ГИПЕРОСМОЛЯРНАЯ КОМА

Гиперосмолярная кома - один из вариантов метаболической декомпенсации при сахарном диабете.

Гиперосмолярная кома встречается значительно реже, чем диабетическая. Так, по наблодениям Н.Schmidt и Hohler (1971), среди 7298 больных сахарным диабетом гиперосмолярная кома развилась у 17 человек (0,23%), а диабетическая кома у 222 (3,4%).

При гиперосмолярной коме содержание кетоновых тел в крови нормальное. Основой причиной развития гиперосмотических коматозных состояний является инсулиновая недостаточность. Ее развитию способствует резкая дегидратация организма больного (рвота, понос, кровопотеря, обильное мочеотделение), применение глюкокортикоидов, диуретиков. Гиперосмолярность сыворотки крови обусловлена высокой концентрацией сахара, натрия, хлора, бикарбонатов, мочевины, остаточного азота и составляет 360-390 мосм/л (при норме 290-310 мосм/л). Осмолярность сыворотки крови рассчитывается по формуле:

2 ´ (Na+ ммоль/л + К+ ммоль/л) + глюкоза ммоль/л.

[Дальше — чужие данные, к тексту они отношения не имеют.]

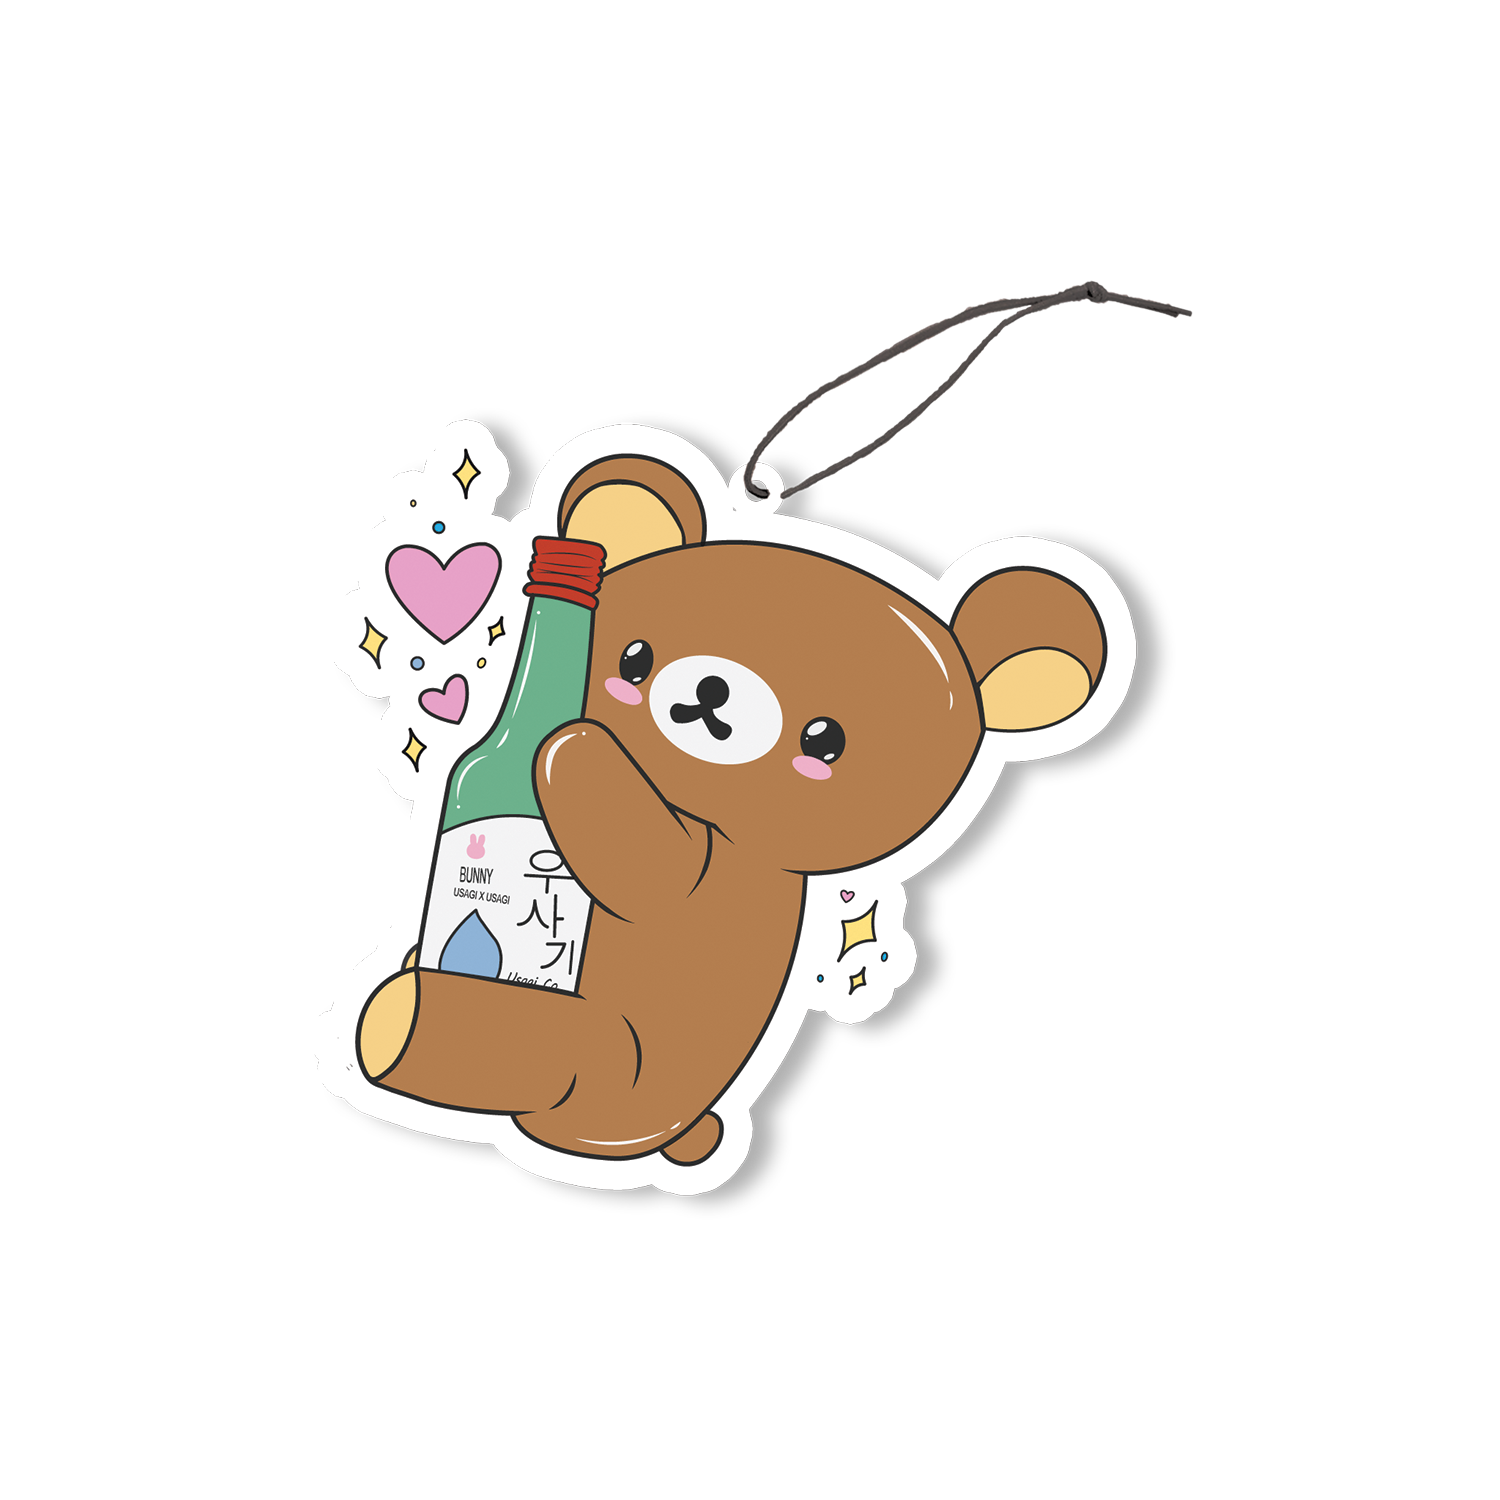 Soju Kuma Air Freshener design features brown bear holding a soju bottle.

Отсутствие кетоза при гиперосмолярной коме объяснить трудно. Предполагают, что высокая гипергликемия препятствует выходу гликогена из печени и усиленному поступлению в печень жира, что тормозит кетогенез. Клиническое описание гиперосмолярной комы было сделано R.H. Rossier et al в 1961 году. Чаще гиперосмолярные комы развиваются у лиц старше 50 лет. Имеются сообщения о гиперосмолярной коме к у детей.

Клиническая характеристика: нарушение сознания в различной степени от сонливости и сопорозного состояния до глубокой комы, отсутствие запаха ацетона во вдыхаемом воздухе. Неврологическая симптоматика: отсутствие сухожильных рефлексов, патологический симптом Бабинского, двусторонний нистагм, мышечный гипертонус. Дыхание, как правило, поверхностное, учащенное - тахипноэ; резко выражены симптомы дегидратации: сухость кожи и слизистых, пониженный тонус глазных яблок. Нарушается состояние сердечно-сосудистой системы: появляются одышка, тахикардия, нарушение ритма, на ЭКГ определяется снижение и двухфазность зубца Т. Уровень бикарбоната и рН крови нормальные. Содержание калия в плазме чаще снижено, отмечается олиго- и анурия. Летальные исходы наблюдаются у 50% больных. В течении гиперосмолярной комы выделяют 5 стадий развития:

1) стадия дегидратации;

2) гипергликемии и полиурии;

3) гиперосмолярности;

4) внутриклеточного обезвоживания;

5) собственно комы.

Лечение гиперосмолярной комы направлено в первую очередь на регидратацию и на нормализацию электролитного состава крови, снижение гликемии.

С учетом высокой осмолярности плазмы для восстановления объема циркулирующей жидкости рекомендуется вводить гипотонический раствор хлорида натрия (0,45% раствор хлористого натрия). Применение изотонических растворов, как правило, усугубляет имеющуюся гиперосмолярность (R. Matz , 1983). При уровне гликемии ниже 13,0 ммоль/л возможно введение 5% раствора глюкозы.

Коррекция электролитных нарушений прежде всего предусматривает Введение калия от 20 до 40 ммоль/л ежечасно (6-8 г в сутки (R. Matz, 1983). Инсулинотерапия проводится по тем же основным принципам, что и при диабетической кетоацидотической коме.

Для профилактики тромбозов, которые могут развиться на фоне выраженной дегидратации, показано введение гепарина по 5000 ЕД под кожу живота 2 раза в день.